=== Section Start ===

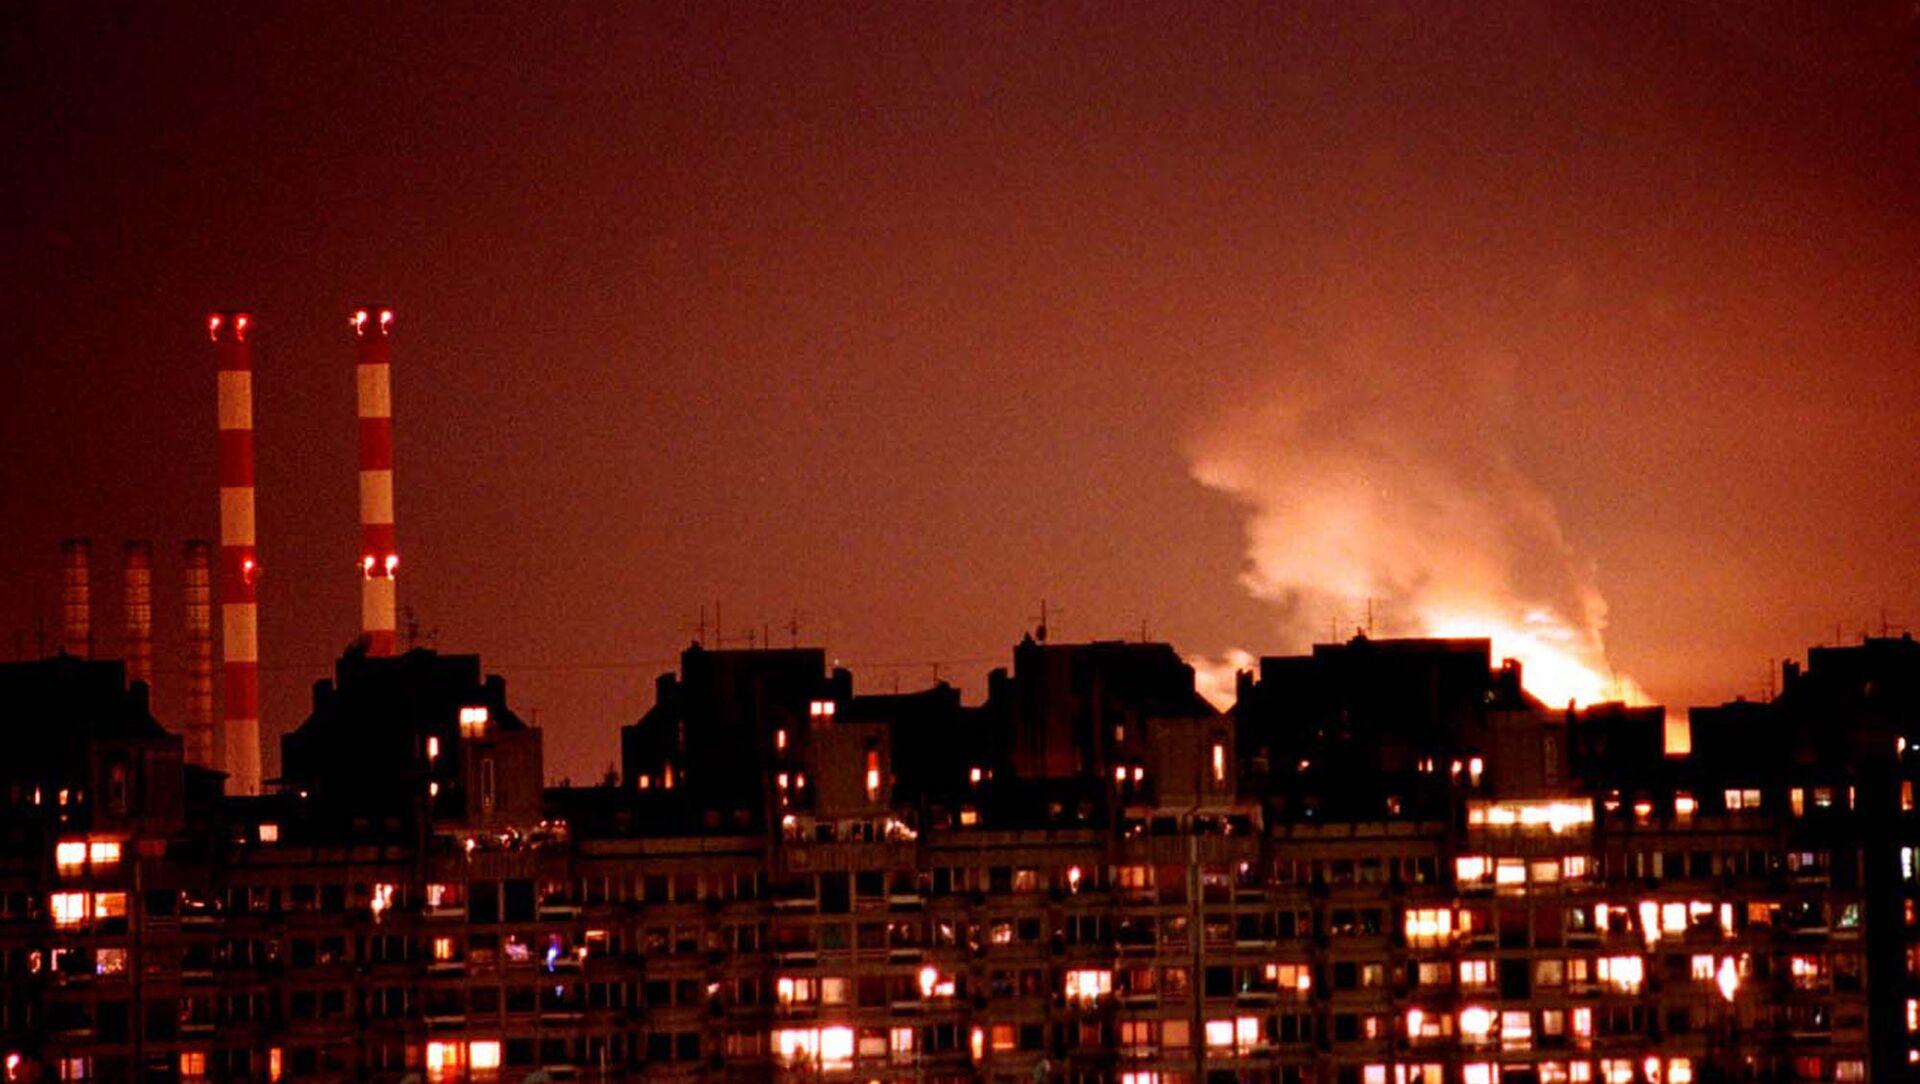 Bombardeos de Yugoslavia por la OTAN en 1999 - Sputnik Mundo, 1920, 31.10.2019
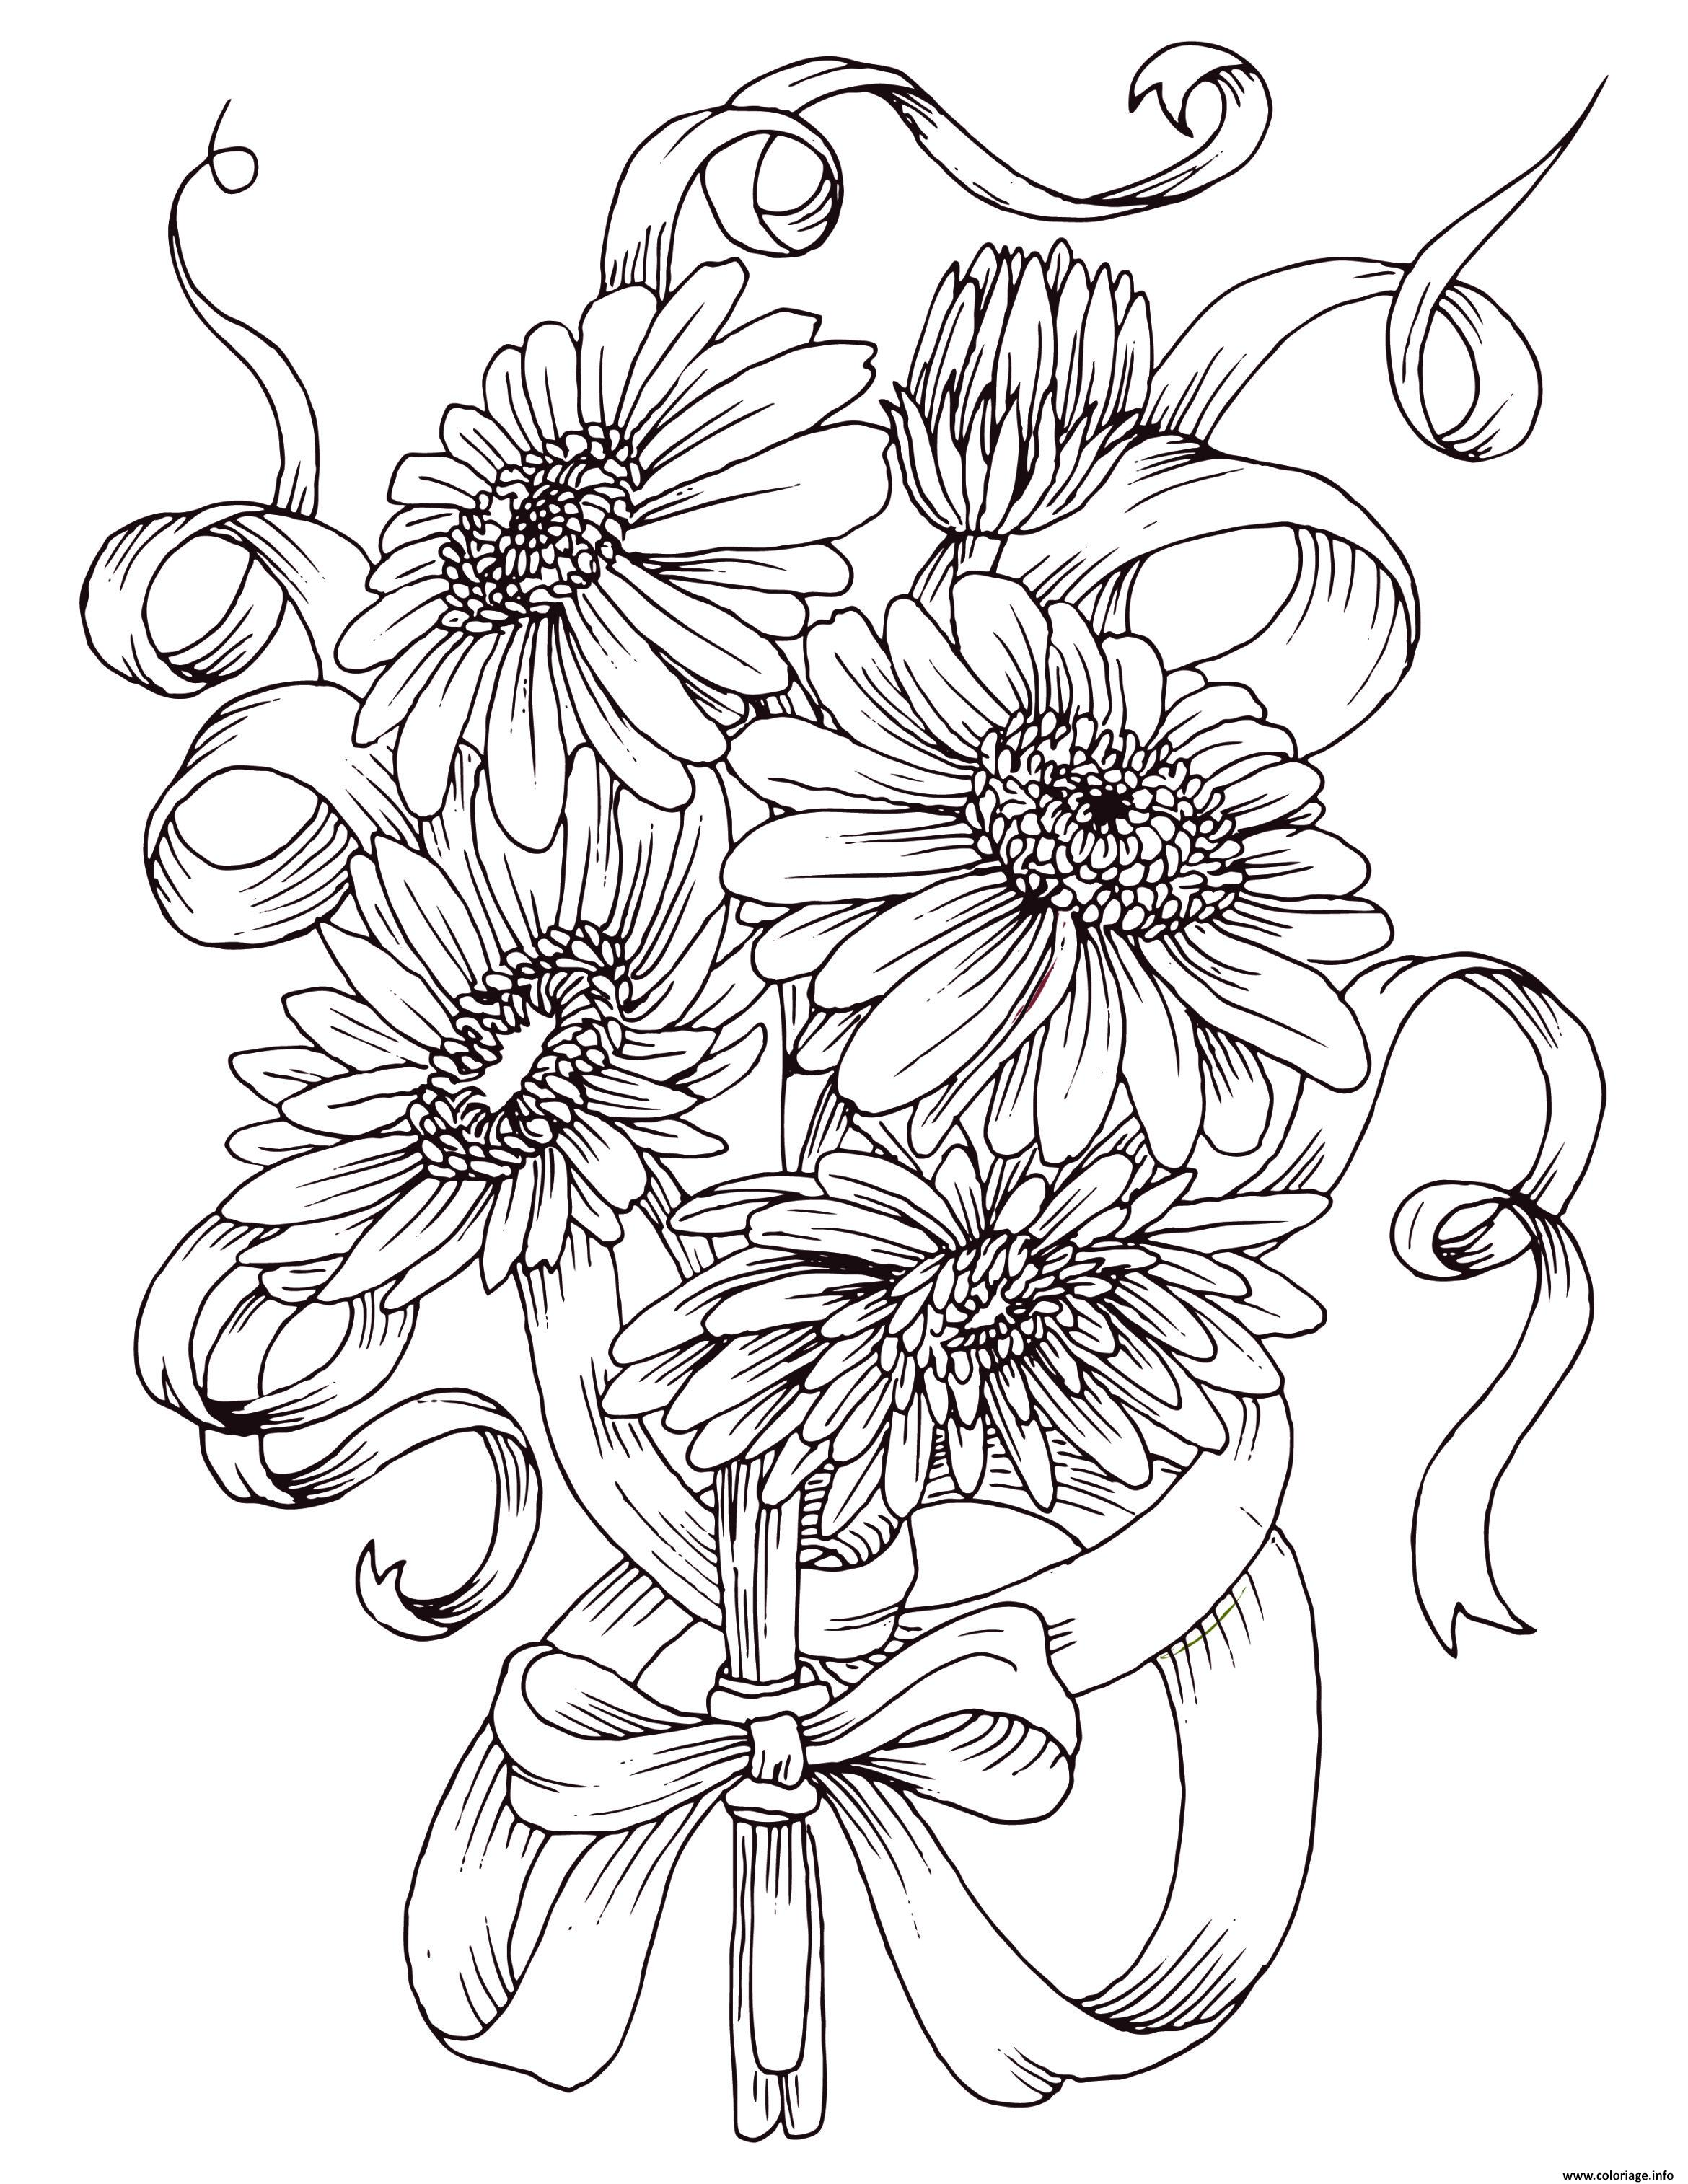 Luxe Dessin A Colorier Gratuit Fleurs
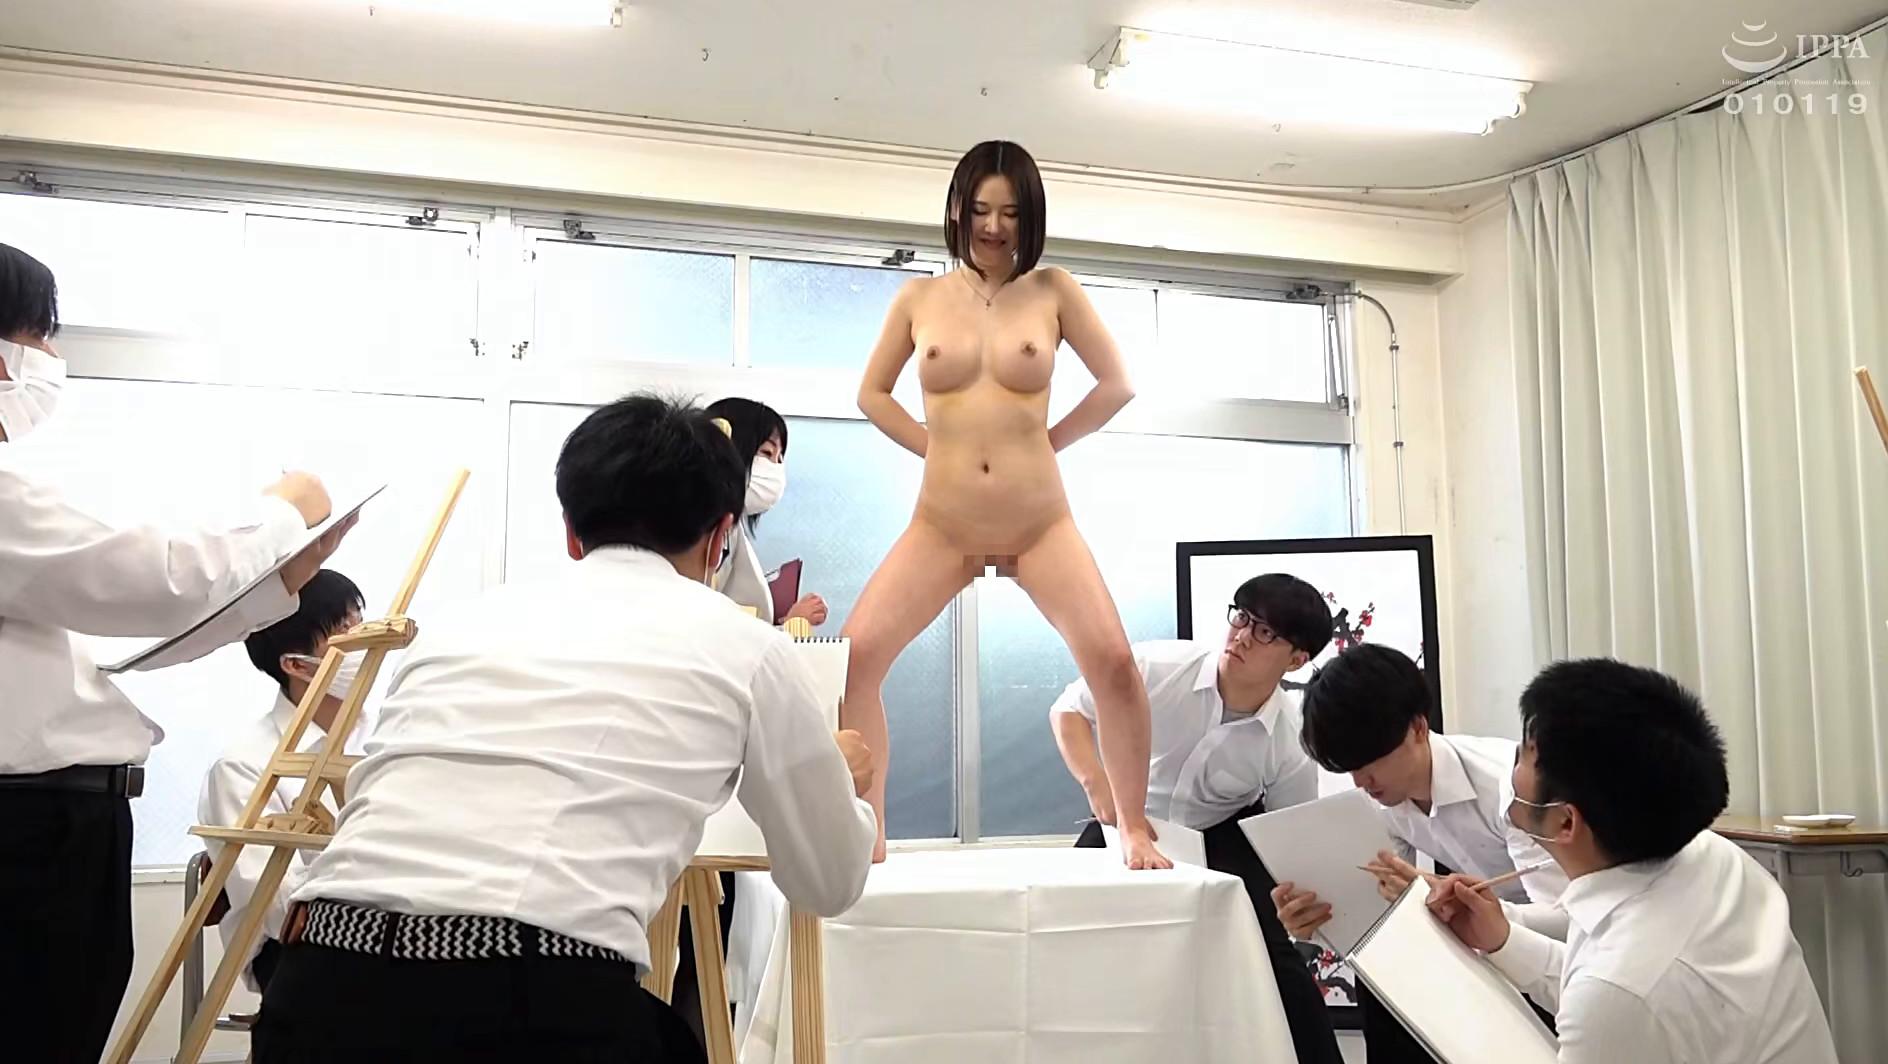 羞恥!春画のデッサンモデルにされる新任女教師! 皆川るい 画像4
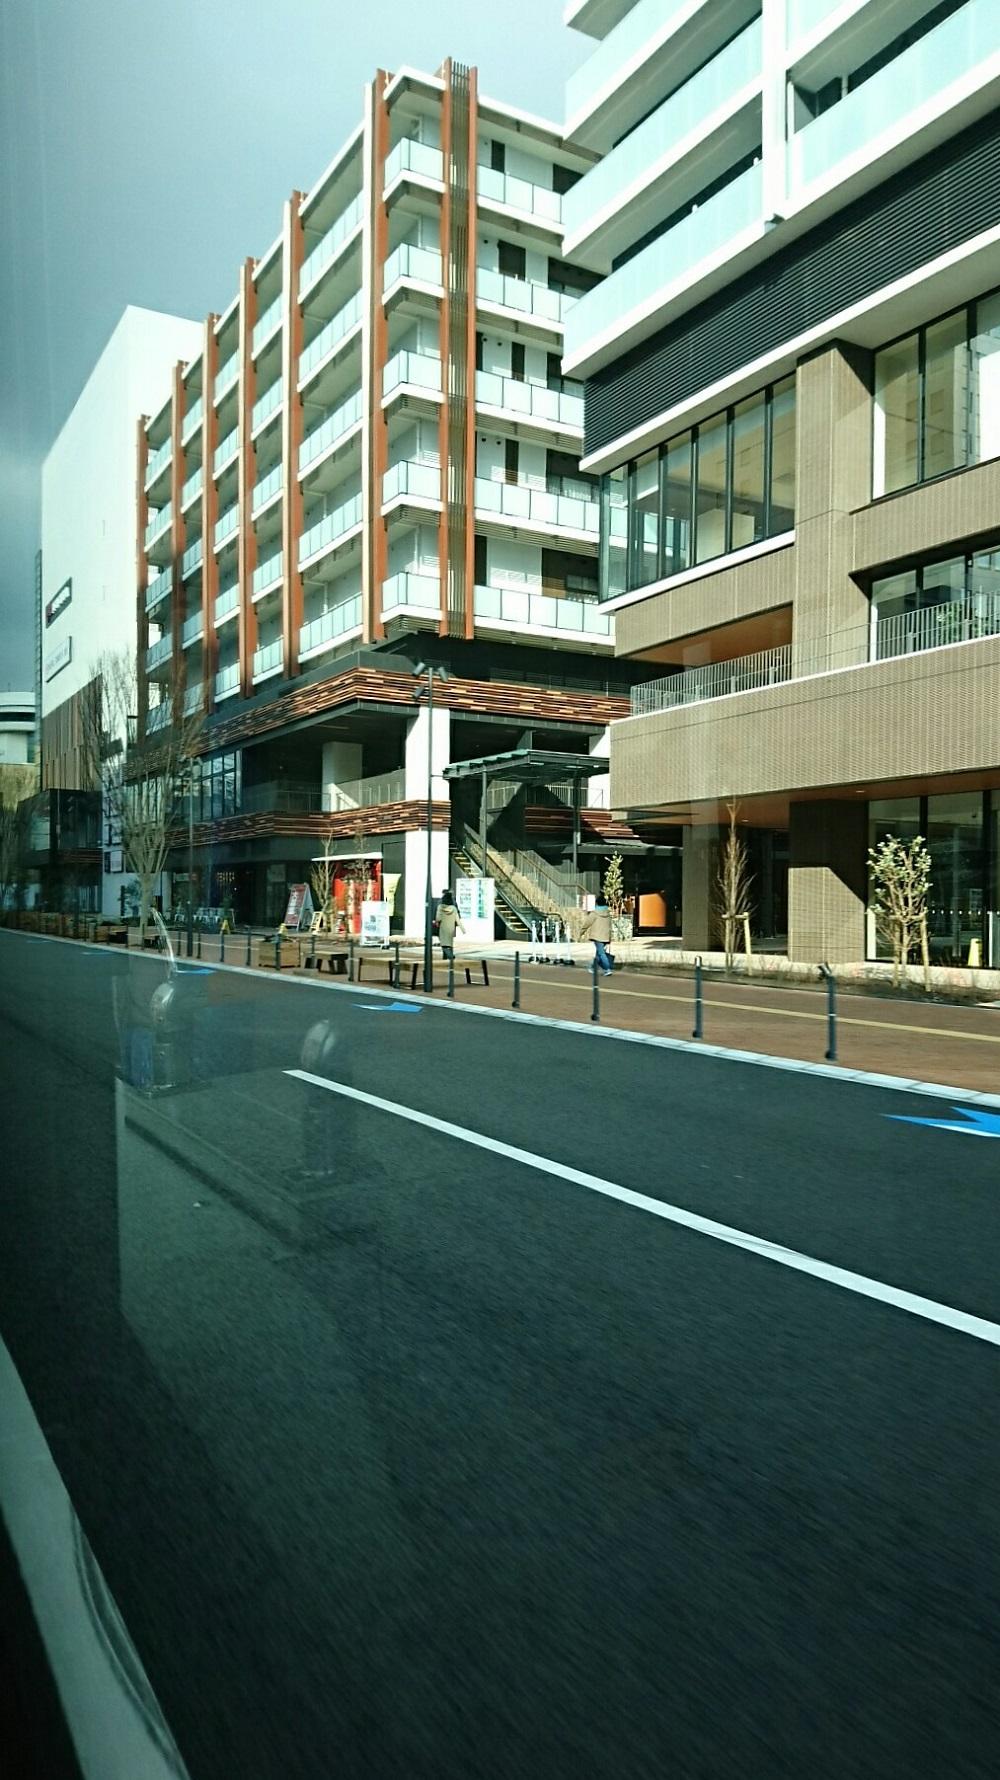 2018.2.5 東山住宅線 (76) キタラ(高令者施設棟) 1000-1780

=== Section End ===

§ **EXERCISE INSTRUCTIONS**
Retype the listing above exactly, please. Pictures do not belong in the copy.

§ **ANSWER FOR THE TASK**
 Bombardeos de Yugoslavia por la OTAN en 1999 - Sputnik Mundo, 1920, 31.10.2019
 Luxe Dessin A Colorier Gratuit Fleurs
 羞恥!春画のデッサンモデルにされる新任女教師! 皆川るい 画像4
 2018.2.5 東山住宅線 (76) キタラ(高令者施設棟) 1000-1780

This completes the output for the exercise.